Он откинулся на спинку стула и тихонько загудел. Виктор с Артуром знали этот звук — отдаленный шум уличного движения, рык собаки, увидевшей через дорогу своего соплеменника, настраиваемый контрабас. Этот звук всегда означал, что Арно размышляет о чем — то, что ему крайне не по душе.
— М-да, что-то здесь все-таки не так. Не тебе определять границы твоего бессмертия.
— Бессмертия не существует.
— Ладно-ладно, в переносном смысле. Гомер, кем бы он ни был, не мог знать, что его будут читать в космическом корабле. Ты пытаешься определить границу, ты заявляешь: тогда-то и тогда-то никто не будет смотреть на мои скульптуры. Но на самом деле ты хочешь сказать обратное.
Глаз его сверкал. Сейчас он перейдет к обвинениям.
— Ты говоришь это только от страха, потому что не желаешь выпускать из рук право решать судьбу того, что ты создал. Это бегство в будущее. Ты хочешь опередить свое собственное отсутствие, но пока твои скульптуры существуют, они так или иначе напоминают о тебе, даже если ты об этом не ведаешь, даже если твое имя давно забыто. И знаешь, в чем здесь дело? В том, что твои скульптуры — это нечто уже созданное. И ты уже не волен устанавливать границы. За это Гегель и критиковал Канта: устанавливающий границы тем самым их уже переступает, и кто говорит о своей конечности, может рассуждать о ней только с точки зрения бесконечности. Во как!
— Этих двоих господ я знаю лишь по имени, — сказал Виктор, — никогда не встречался с ними за чашкой кофе.
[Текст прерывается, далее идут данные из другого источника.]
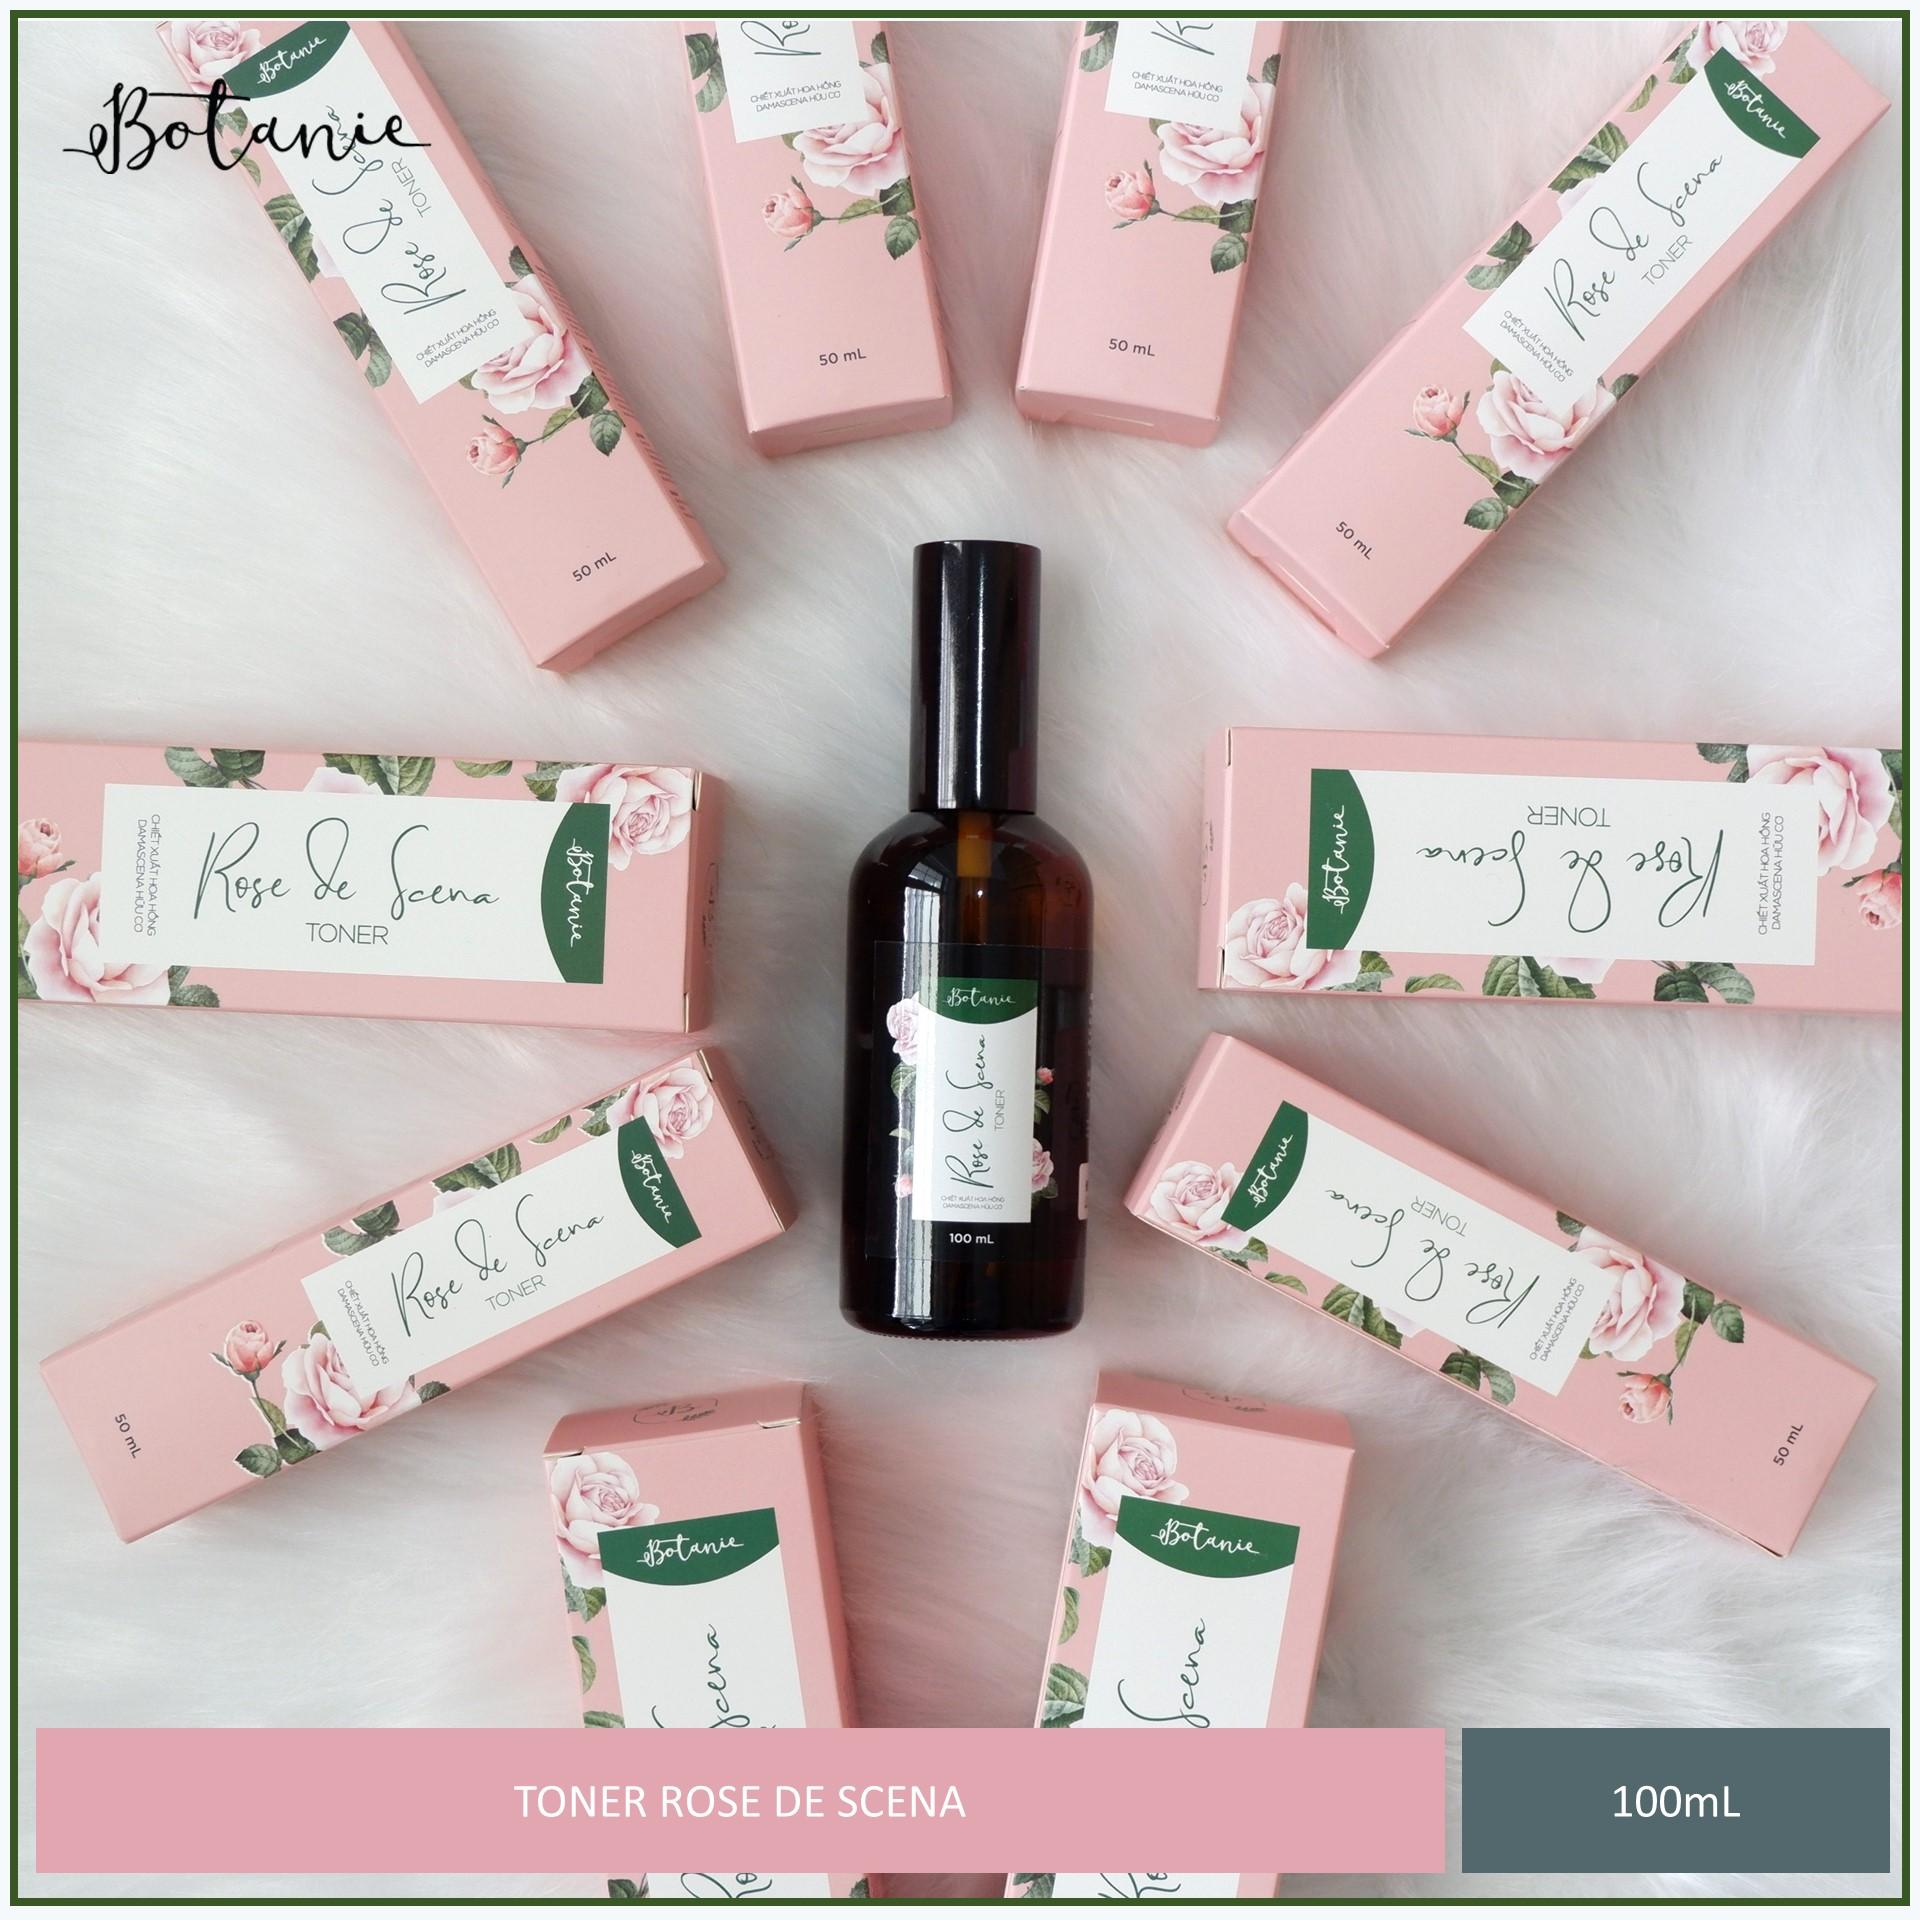 Toner Rose De Scena - Chiết xuất hoa hồng Damascena hữu cơ - Dạng Xịt (100ml) - Dịu nhẹ, không chứa cồn
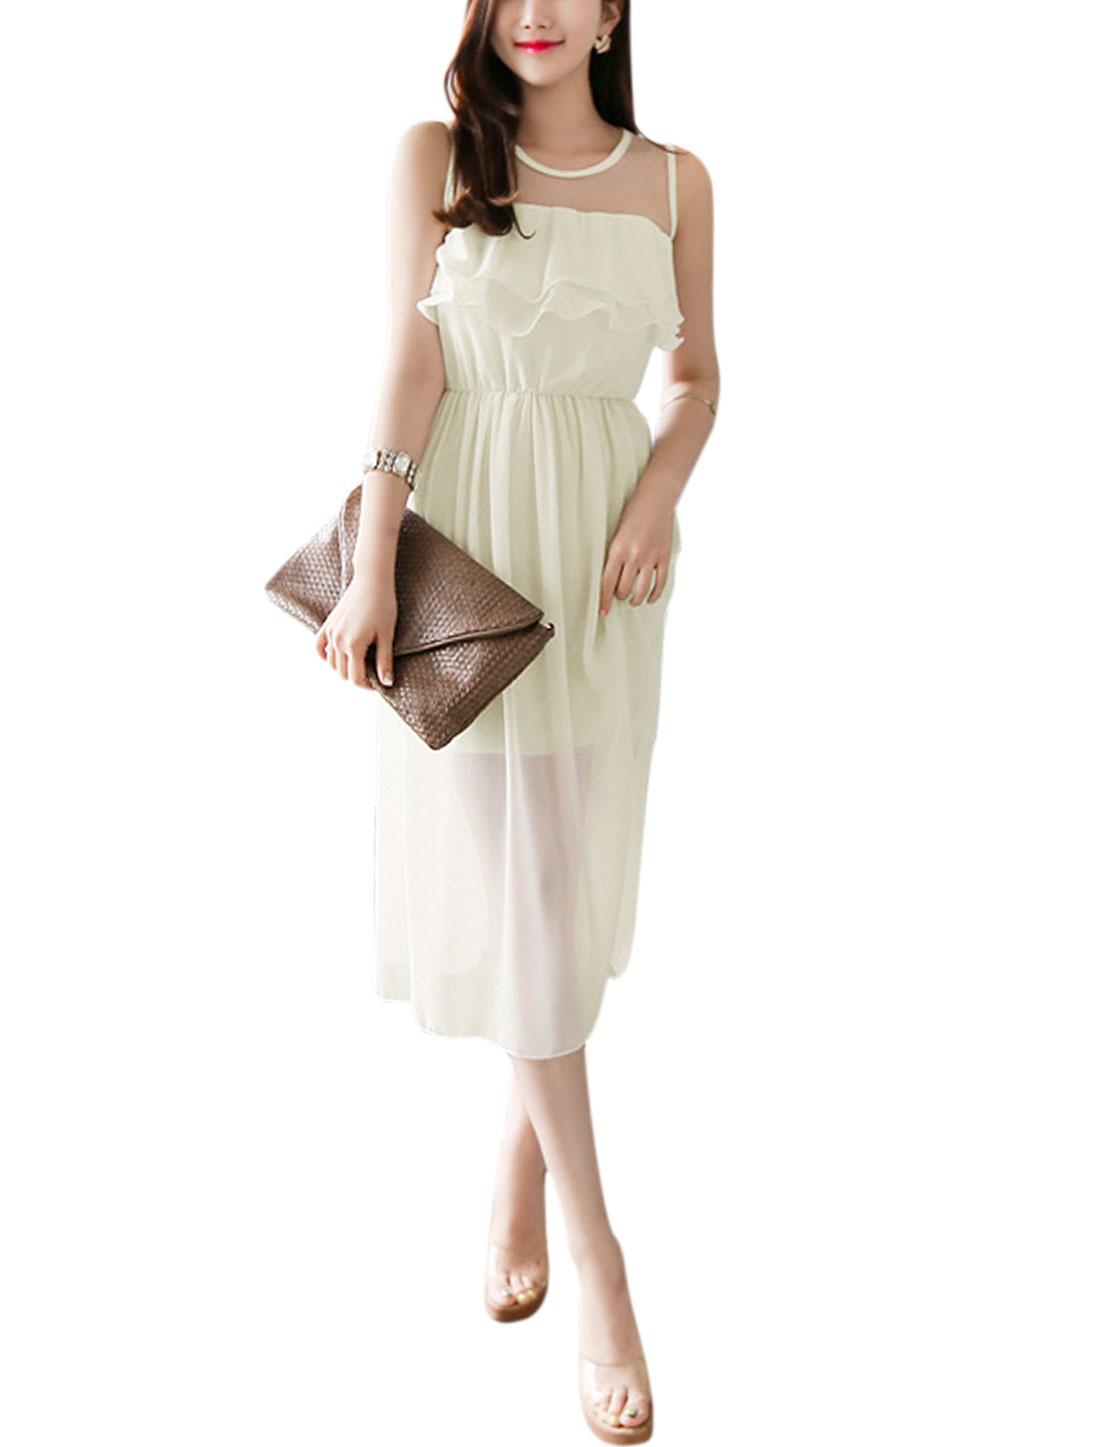 Women Mesh Panel Sleeveless Upper Casual Dresses Off White M

Я всего лишь скромный скульптор, причем пессимист.
— Но ведь есть же разница между тем, что сотворила природа, и тем, что сотворил ты, не правда ли?
— А я, по-твоему, не природа?
— Что правда, то правда, ты — кусочек природы. Несовершенной, испорченной, сублимированной природы, выбирай сам, какое определение тебе больше нравится. Но одного ты не можешь — ты не можешь не думать, когда что-то создаешь.
— А думать — это, по-твоему, противно природе?
— Я такого не говорил. Но в тот момент, когда ты начинаешь размышлять о природе, ты ставишь себя вне ее. Природа не может думать сама о себе. А мы можем.
— Но тогда получается, что природа размышляет сама о себе через меня…
В этот миг по залу пронесся сквозняк, и в дверях показалась мощная женская фигура в шубе. Свечи на всех столах взметнулись, словно собираясь погаснуть.
Секунду спустя вошедшая дама уже стояла около их столика.
— Подожди, Зенобия, дай закончить фразу, — сказал Арно. И договорил, обращаясь к Виктору: — Ты не можешь управлять событиями, лежа в могиле, даже в отрицательном смысле!
— Ну, братцы, у вас тут и разговор! Могила, могила, весь город погребен под снегом. Вот смотрите и считайте!
— Что считать-то?
— На каком счете эти снежинки превратятся в слезы.
Она, подняв руки вверх, смотрела себе на грудь, где таяли снежинки.
— Моя шуба плачет.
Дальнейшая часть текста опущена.